● PROBLEM REQUIREMENTS
Below is a listing with pictures in it. Copy it exactly without them.

● DATA SHOWN

--------------------

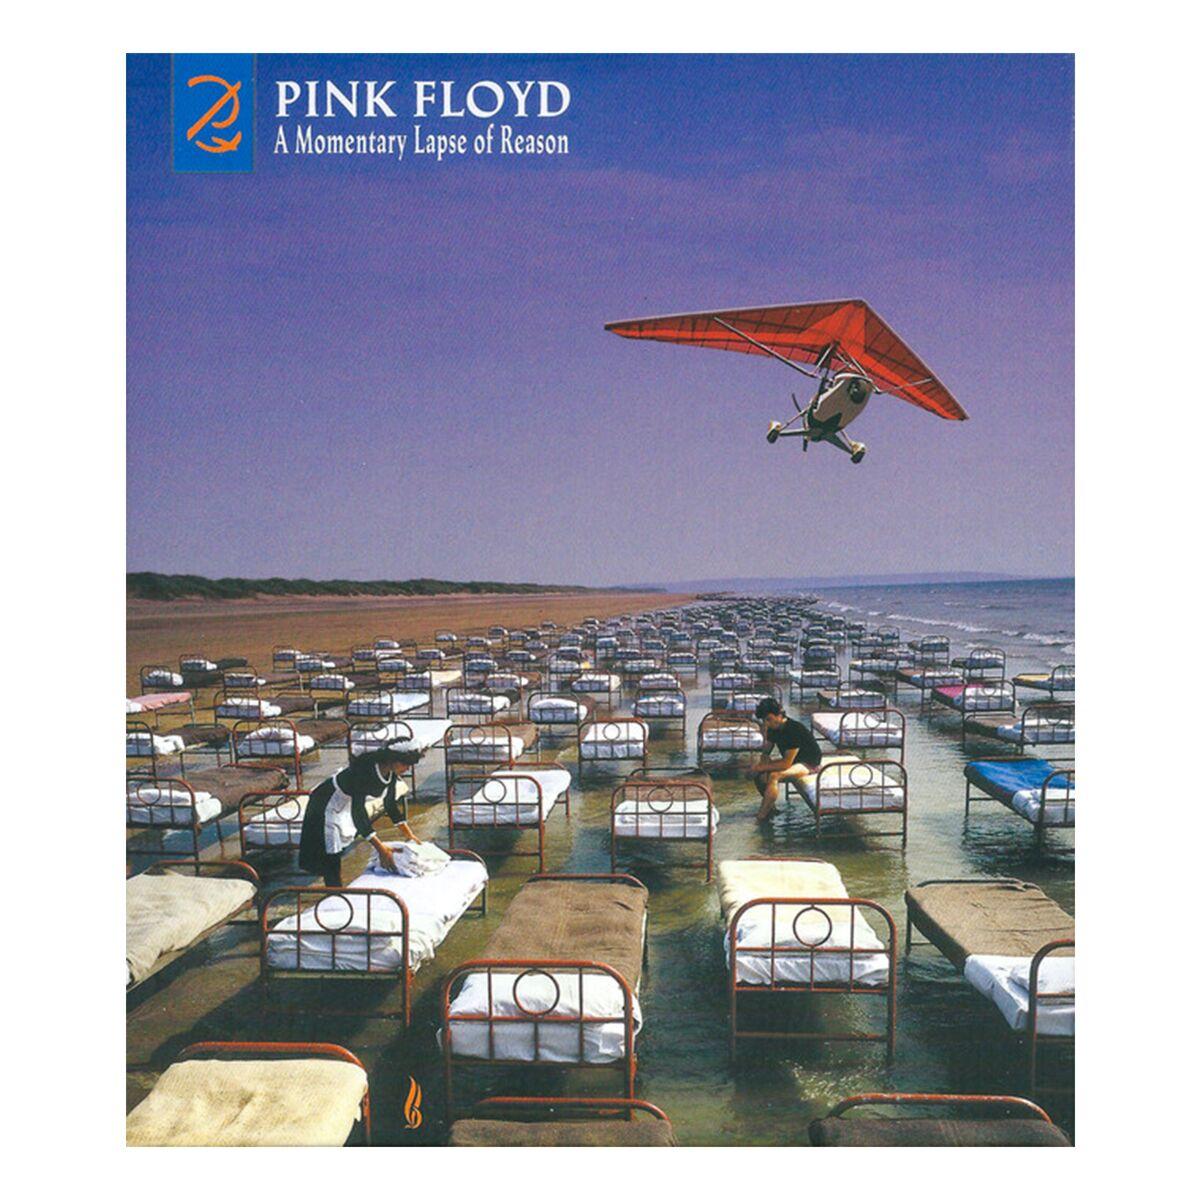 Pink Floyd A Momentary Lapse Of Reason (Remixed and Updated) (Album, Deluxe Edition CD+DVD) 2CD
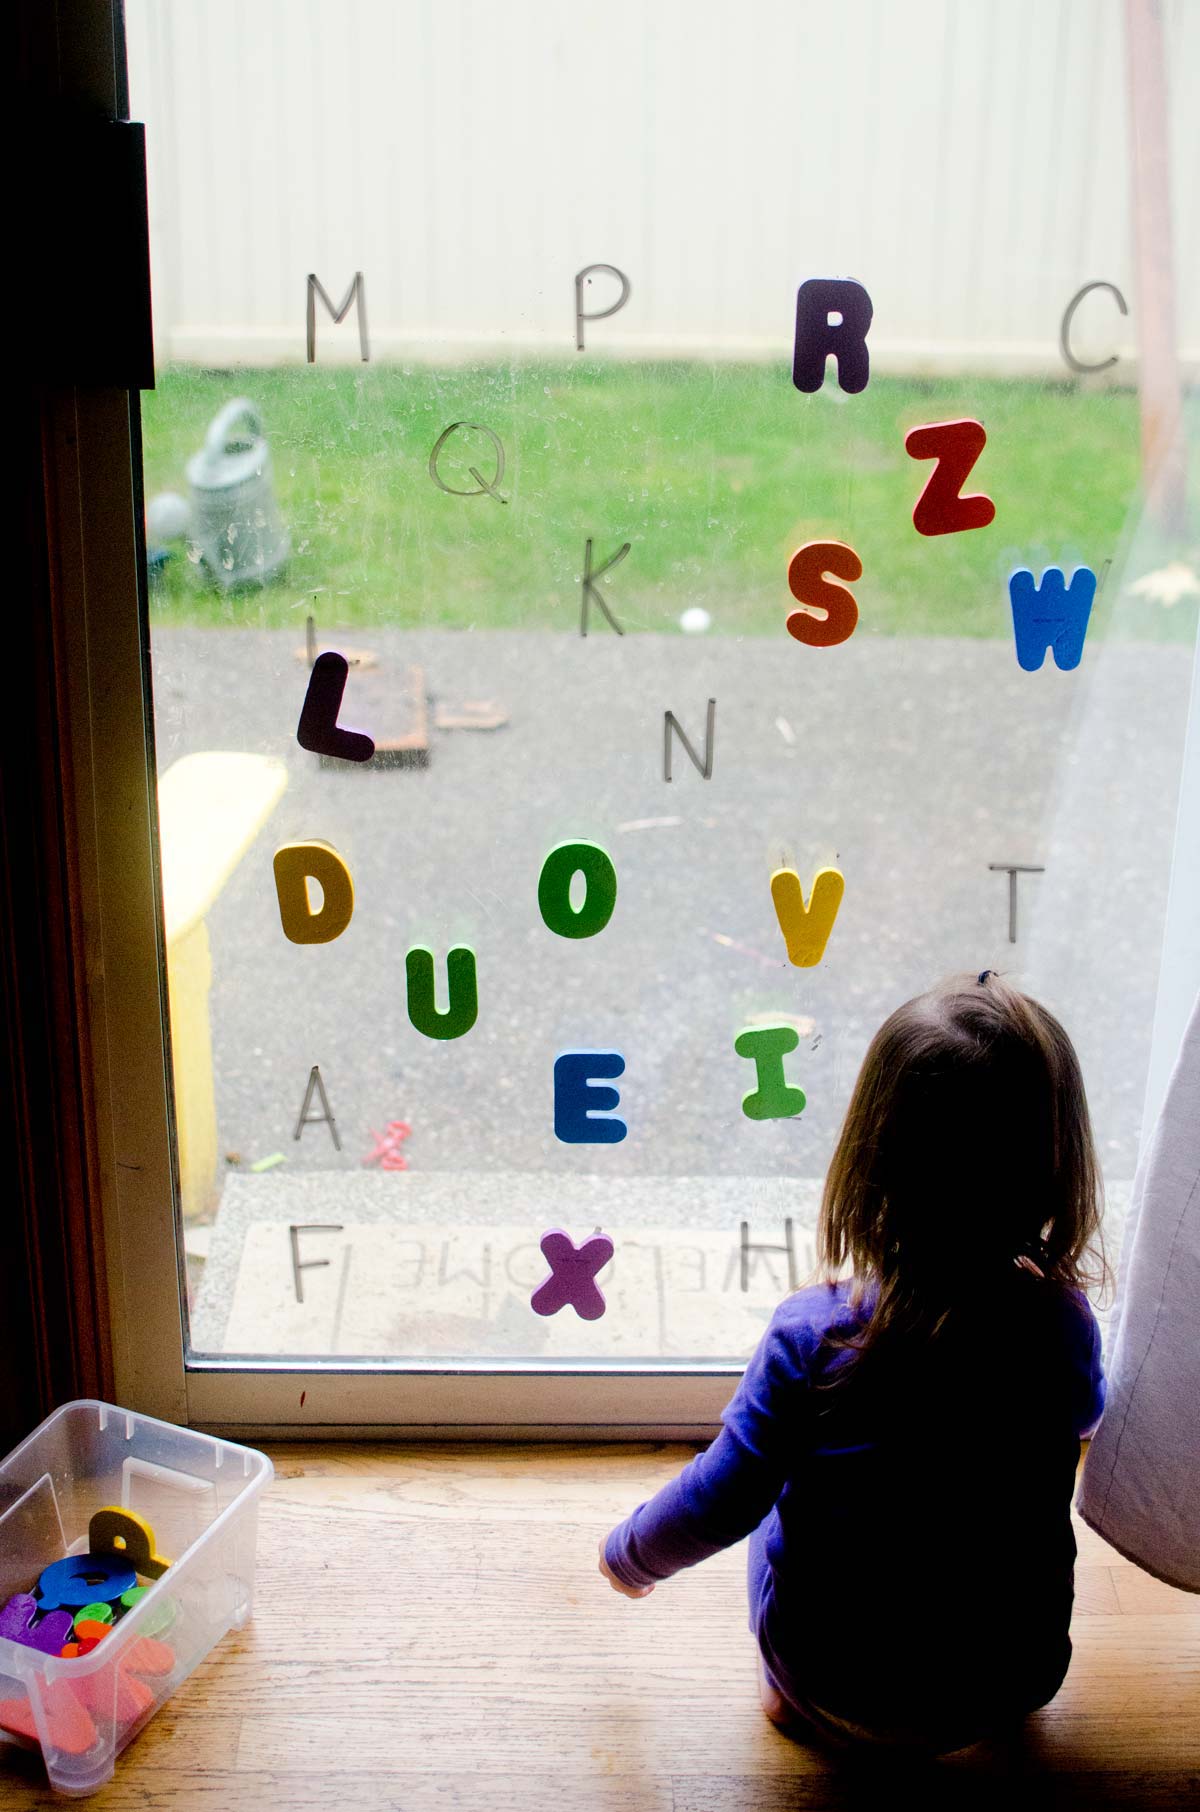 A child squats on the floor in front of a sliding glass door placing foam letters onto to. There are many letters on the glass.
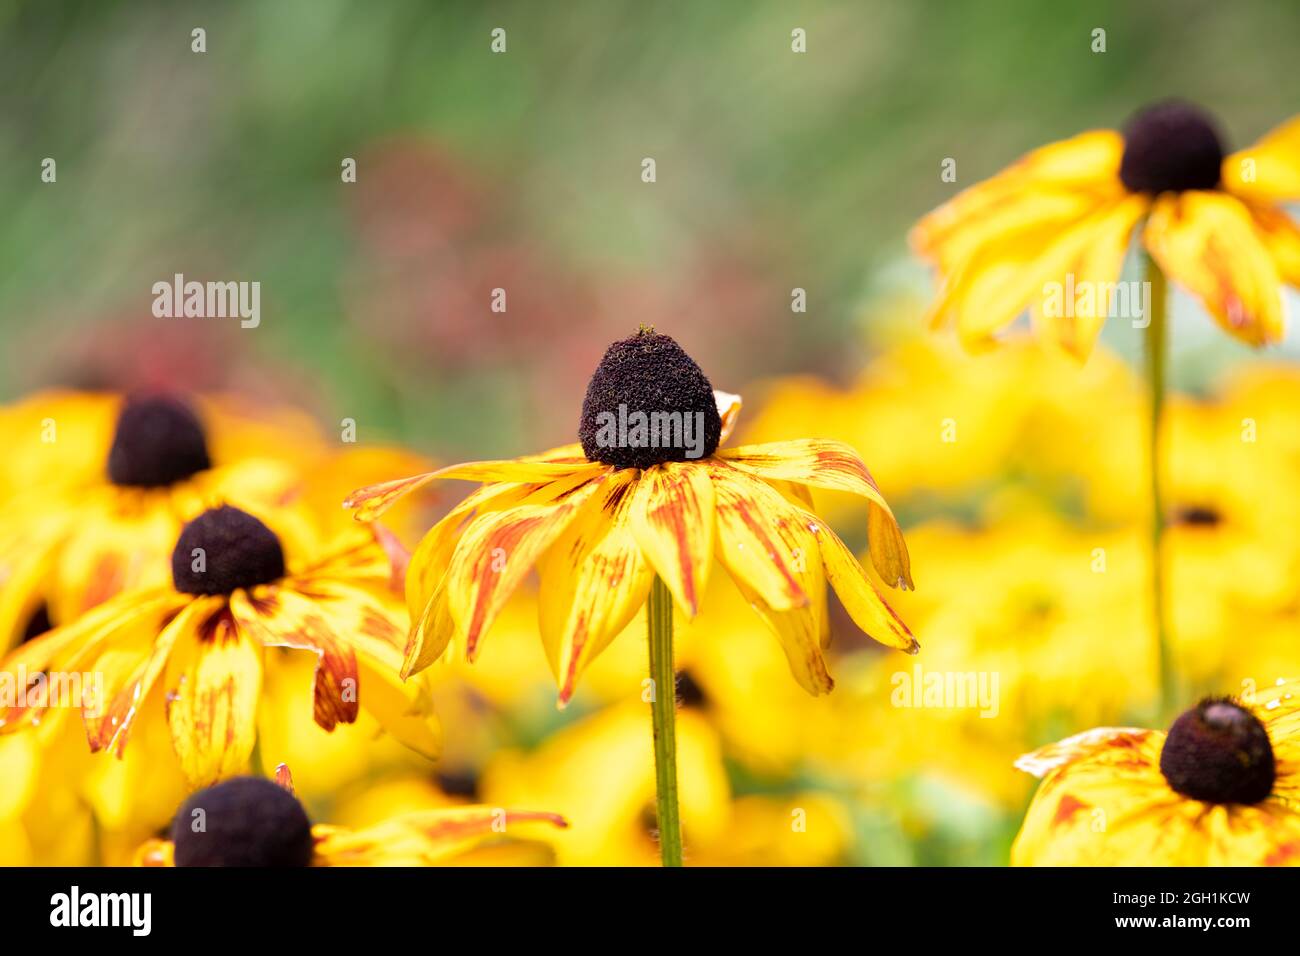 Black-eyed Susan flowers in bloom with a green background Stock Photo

--------------------

● REPLY TO THE TASK
 Pink Floyd A Momentary Lapse Of Reason (Remixed and Updated) (Album, Deluxe Edition CD+DVD) 2CD
 A child squats on the floor in front of a sliding glass door placing foam letters onto to. There are many letters on the glass.
 Black-eyed Susan flowers in bloom with a green background Stock Photo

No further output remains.